*** ENTRIES PROVIDED ***

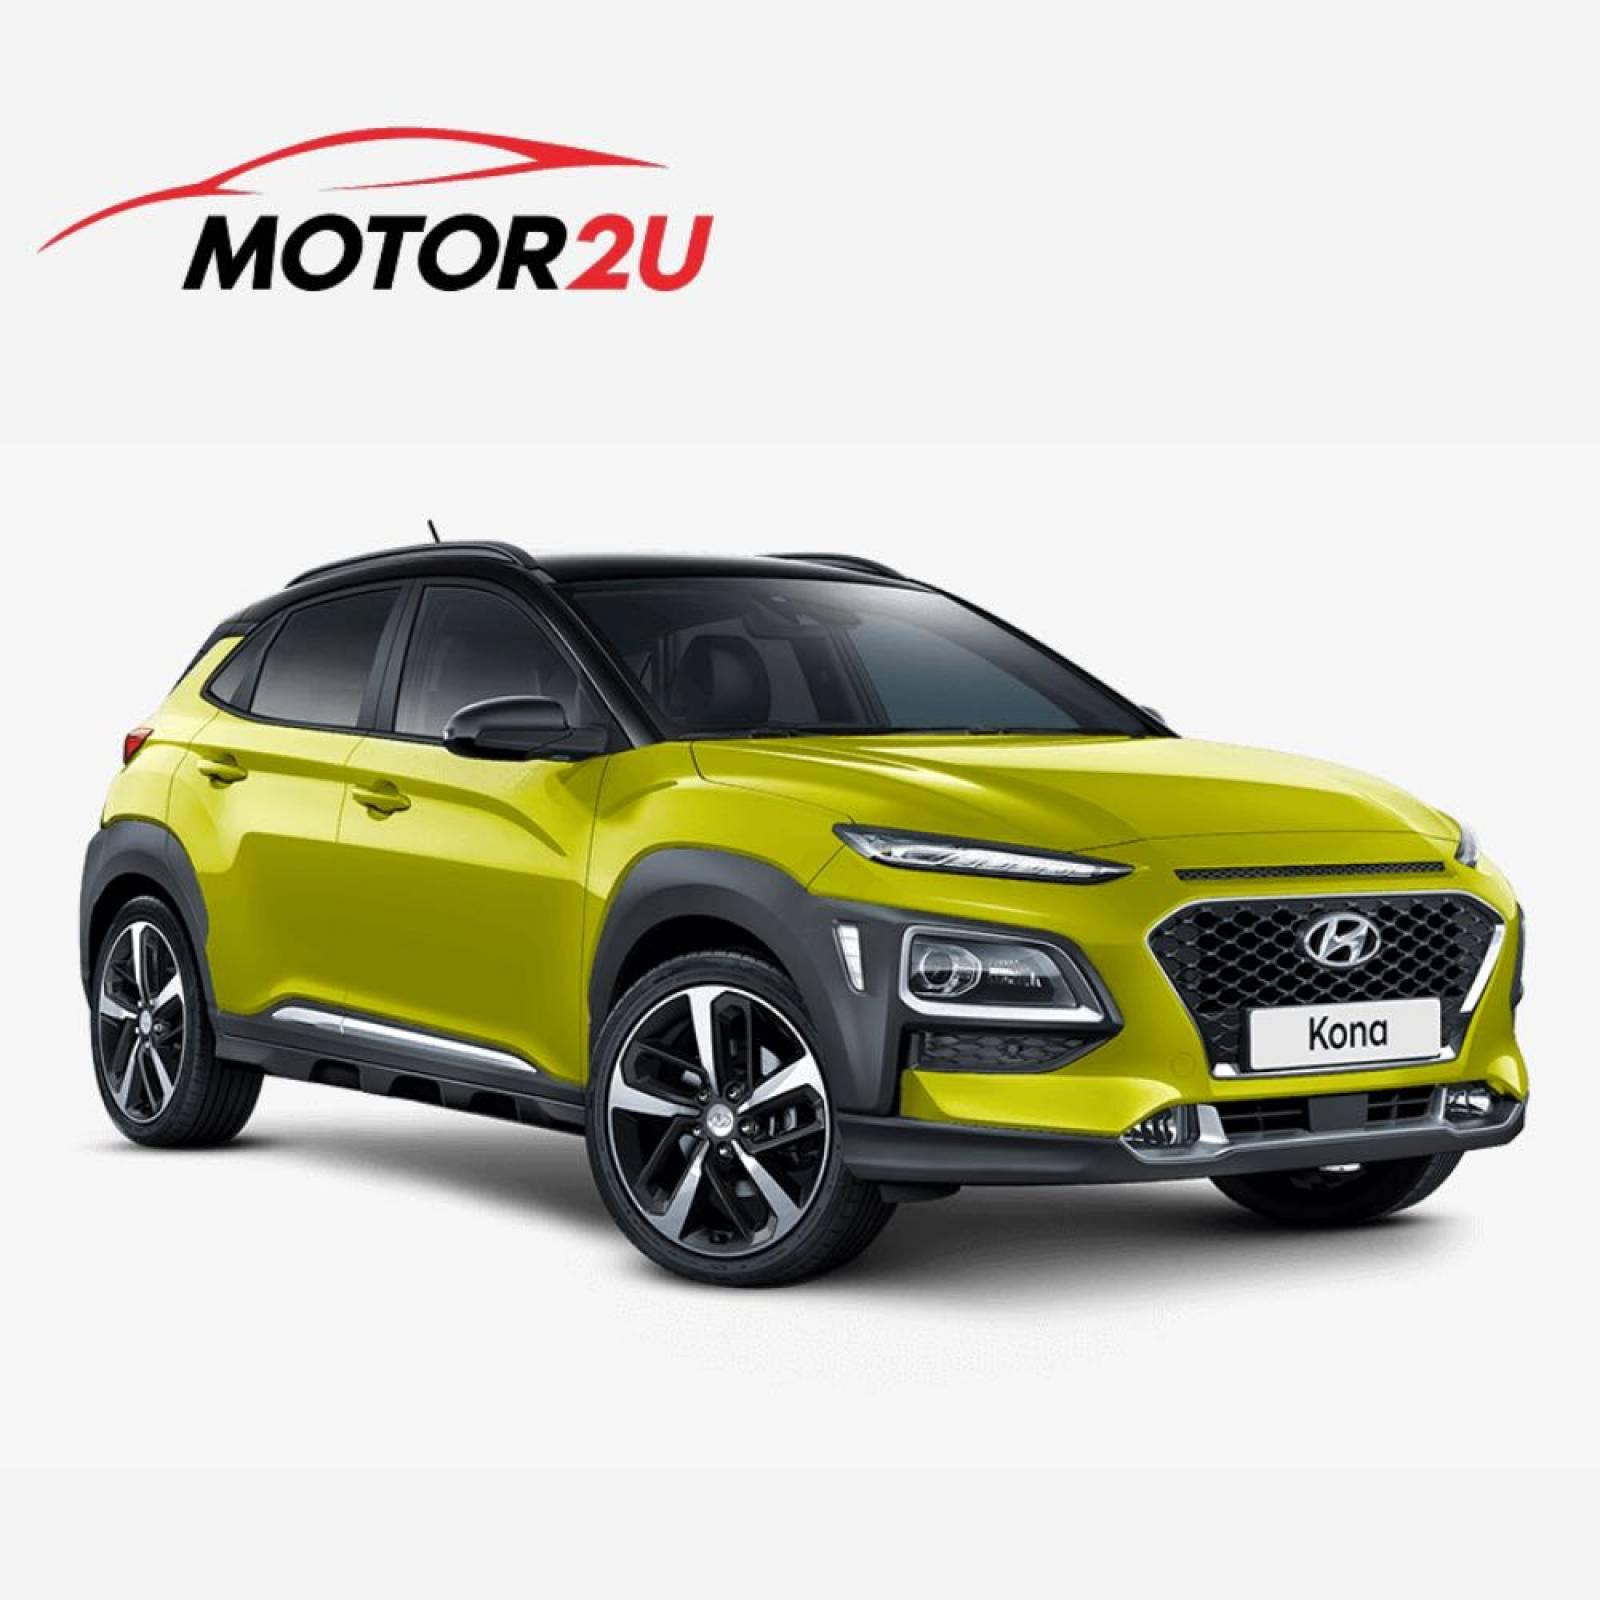 2020 Hyundai Kona 1.6 Turbo
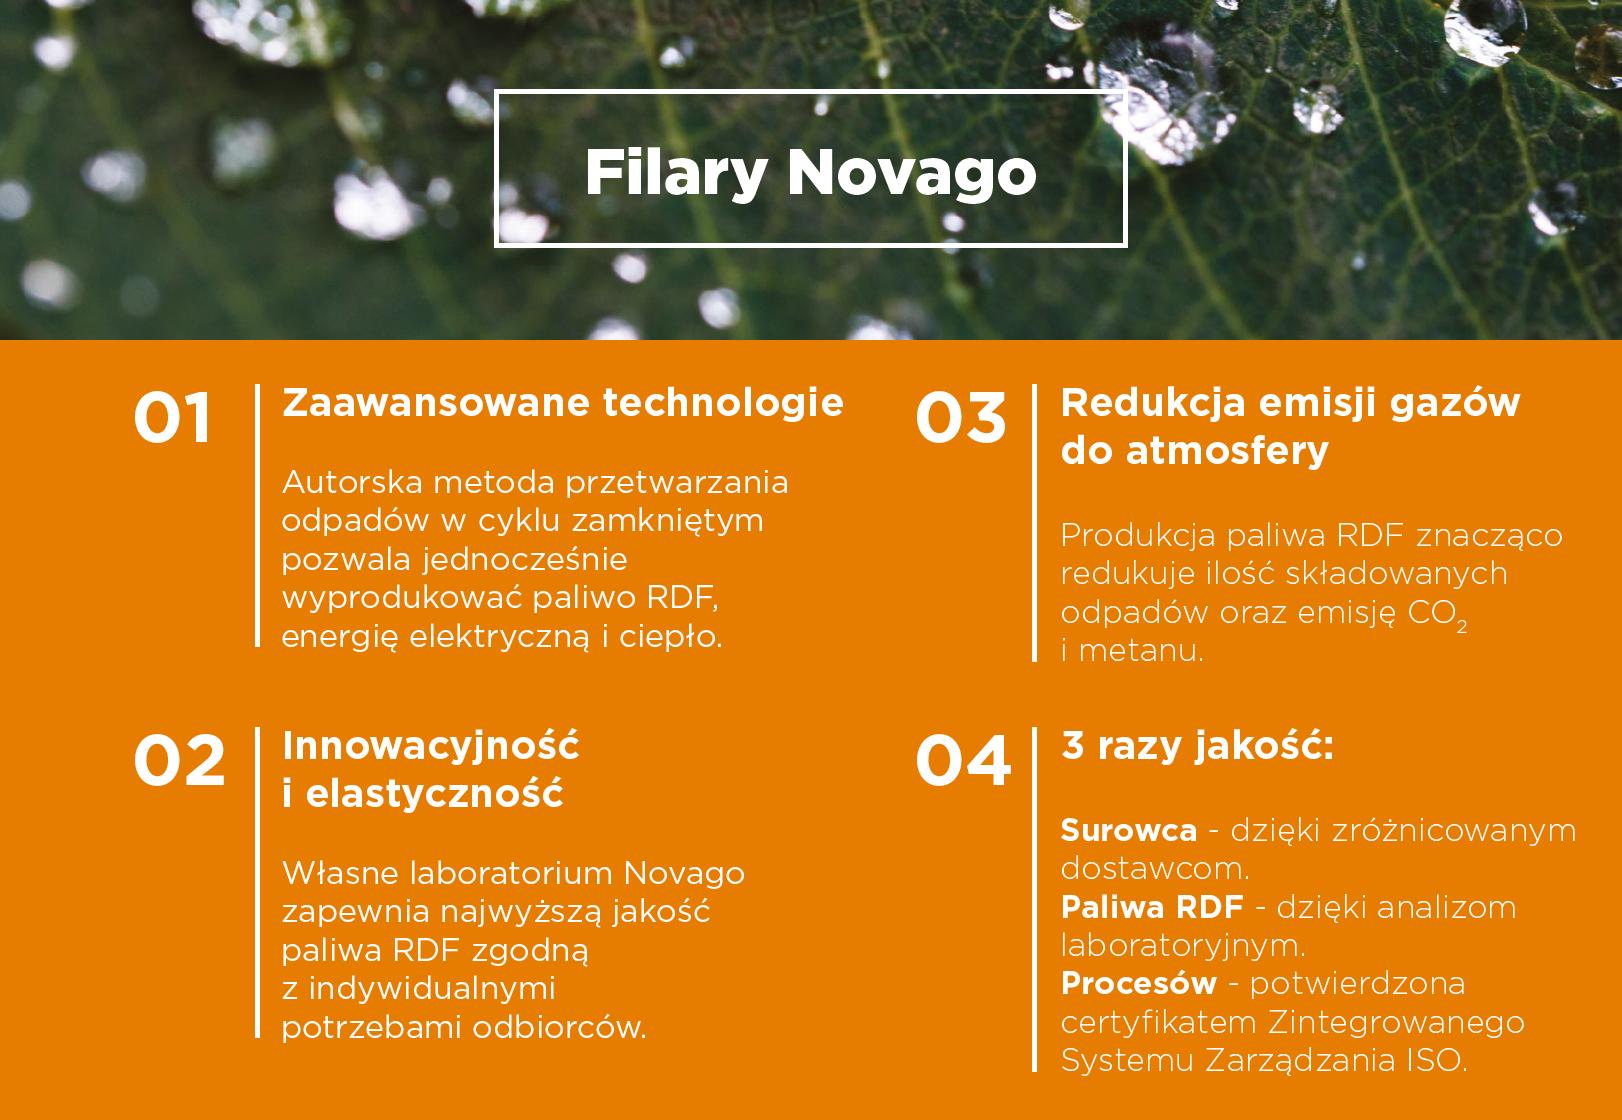 Filary NOVAGO
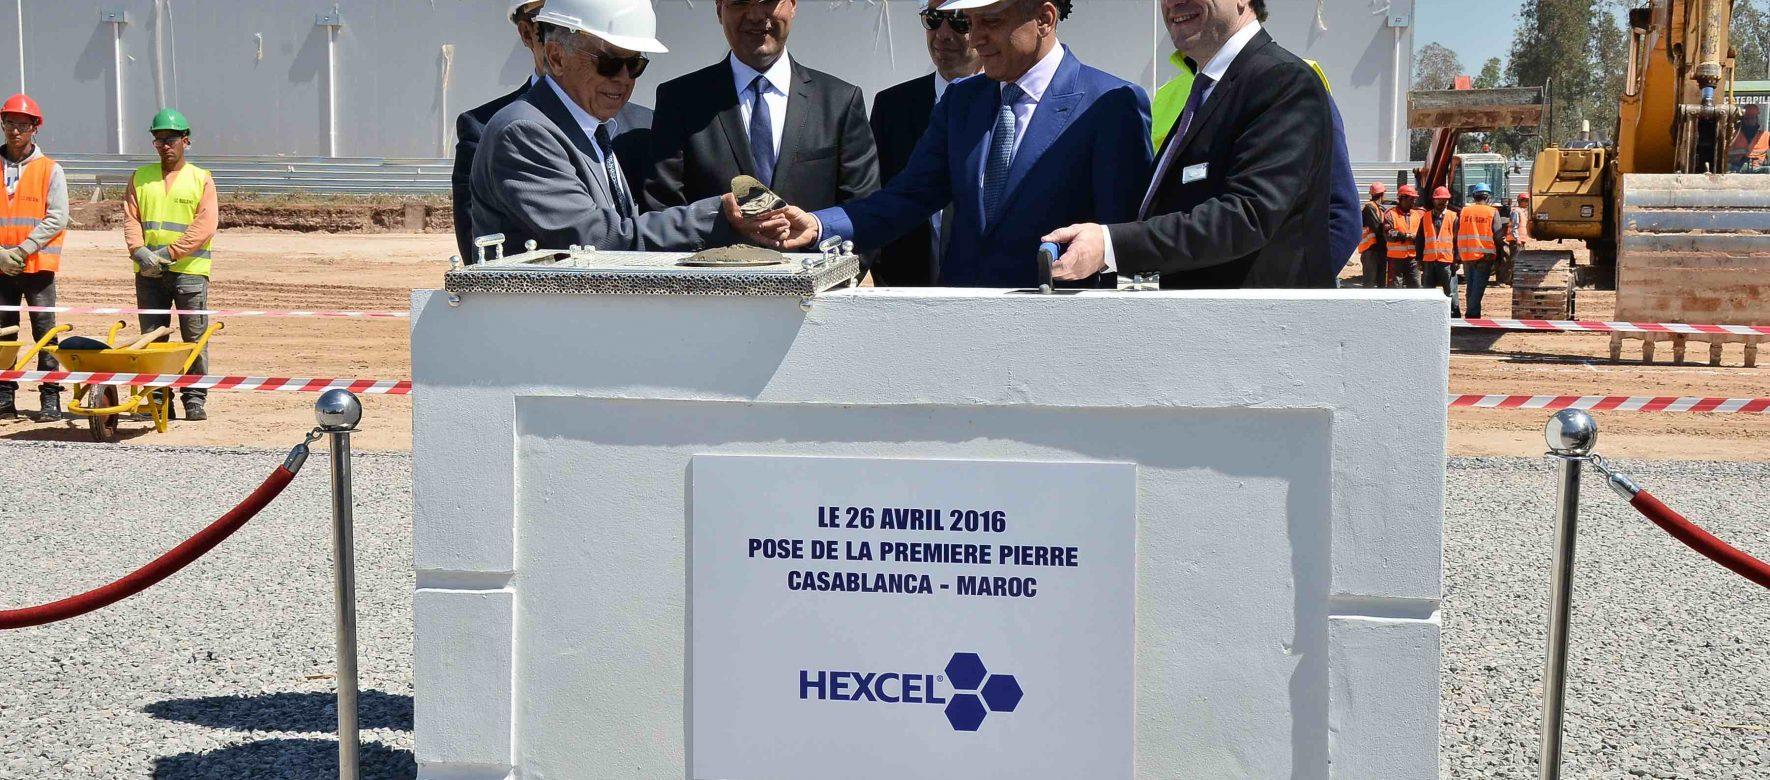 Hexcel mobilise 17,7 millions d'euros pour un nouveau site à Casablanca
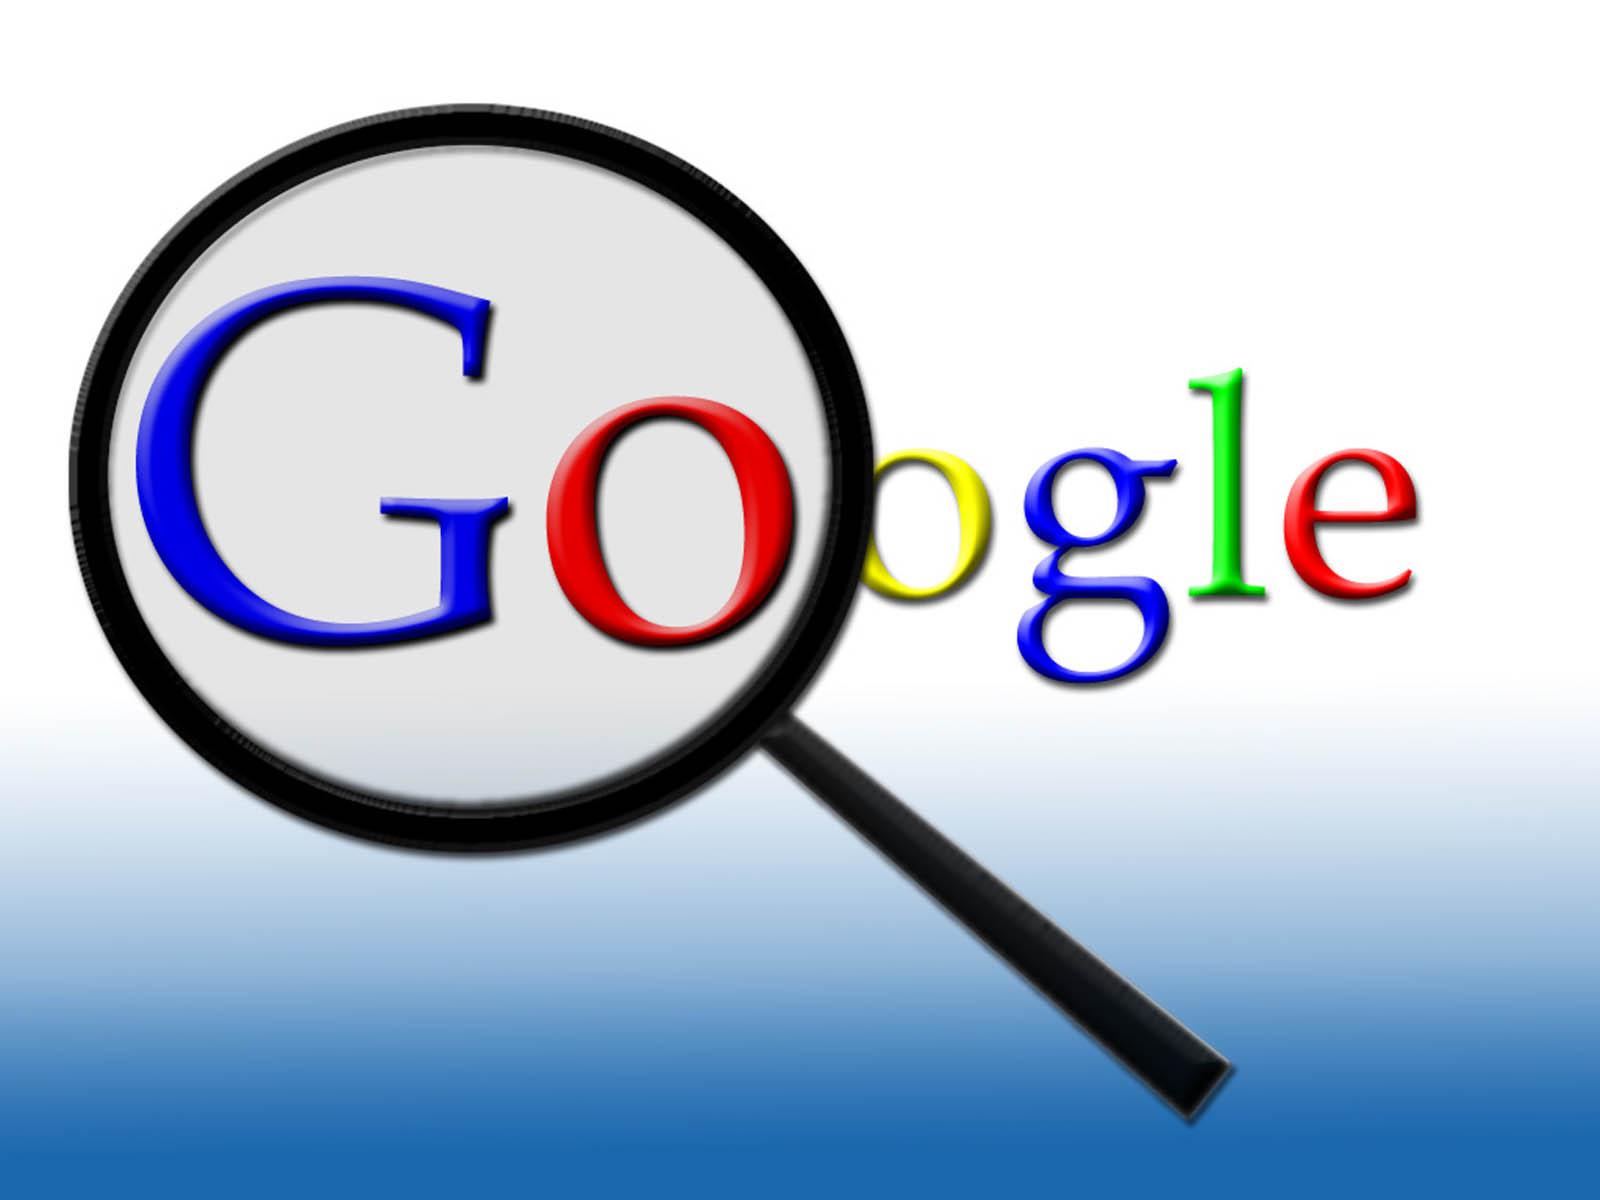 Гугл поисковик картинки, выздоровление английском
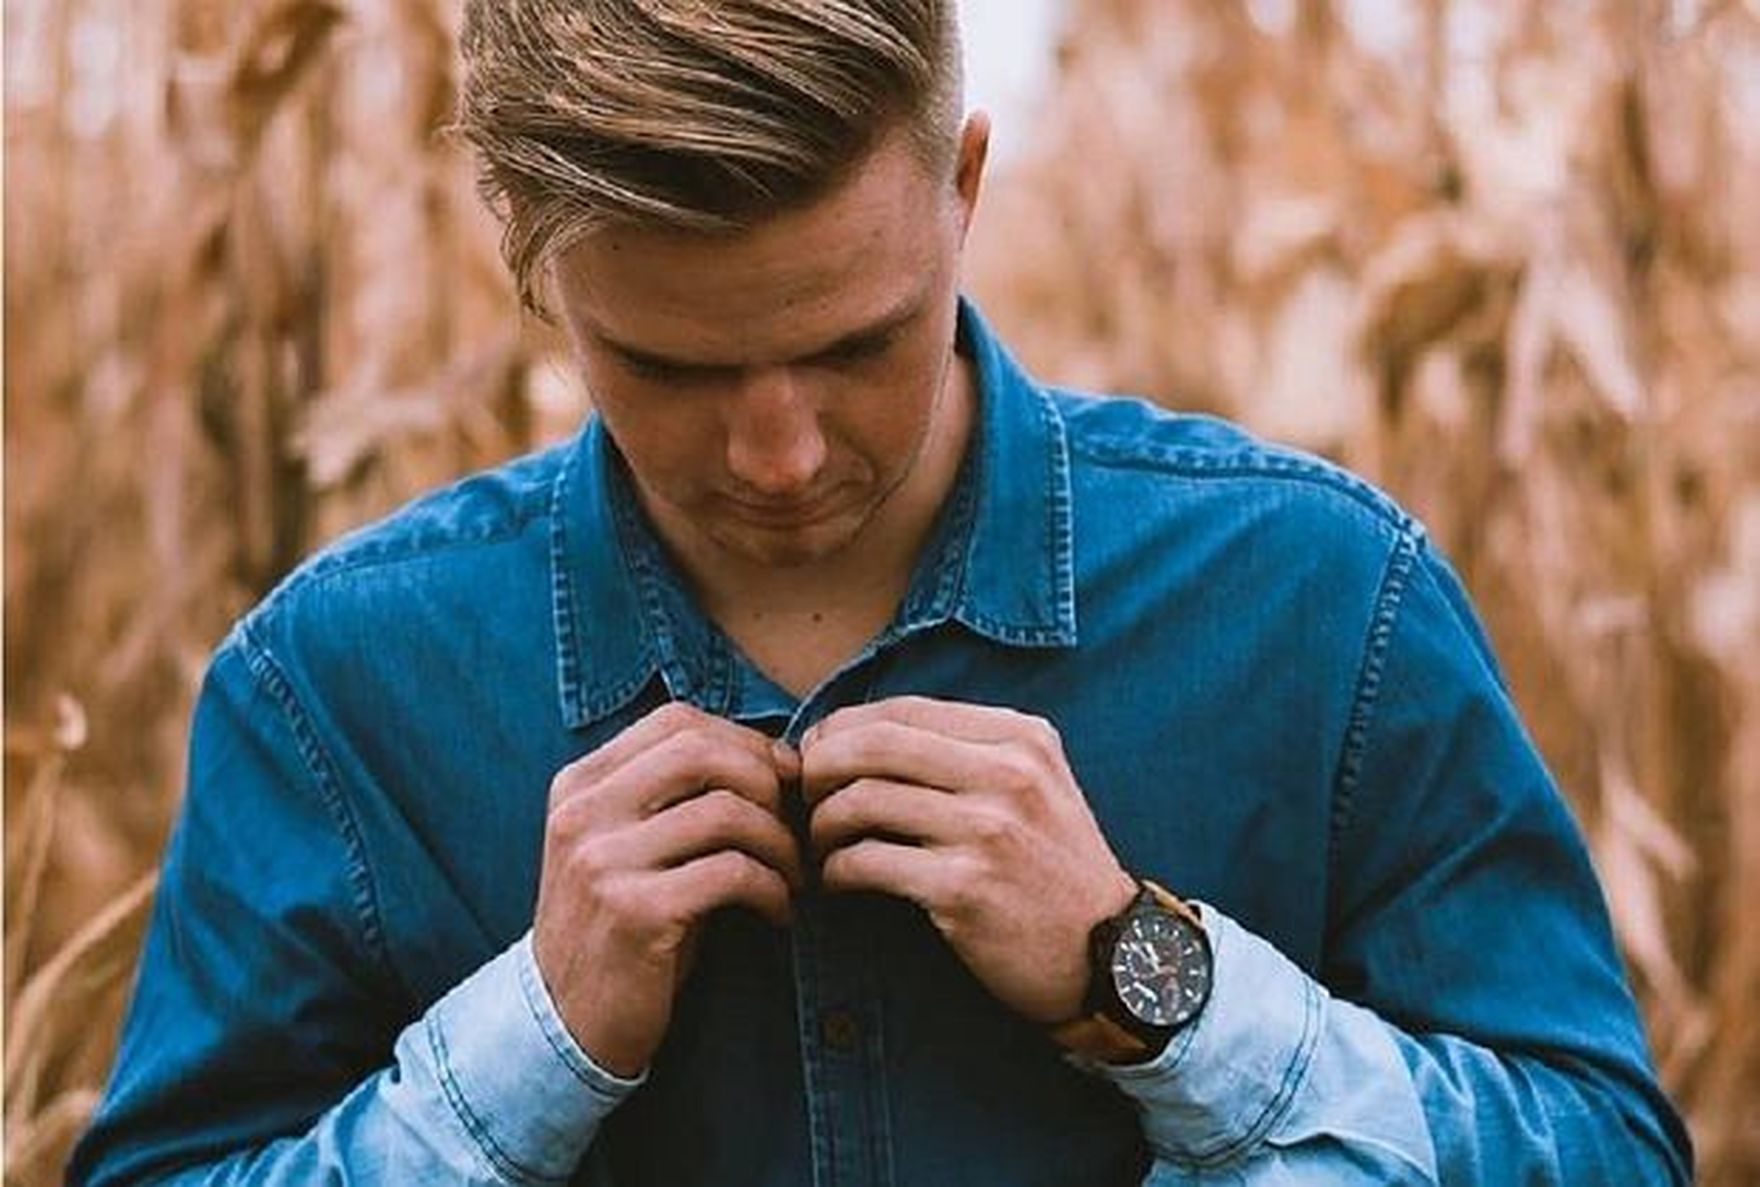 Kwarcowy zegarek za mniej niż 200 zł? Znana marka wyprzedaje asortyment!

***

WHAT IS NEEDED:
Before copying the data, remove the pictures. Then repeat the rest exactly.

RESPONSE AREA:
 2020 Hyundai Kona 1.6 Turbo
 Filary NOVAGO
 Hexcel mobilise 17,7 millions d'euros pour un nouveau site à Casablanca
 Гугл поисковик картинки, выздоровление английском
 Kwarcowy zegarek za mniej niż 200 zł? Znana marka wyprzedaje asortyment!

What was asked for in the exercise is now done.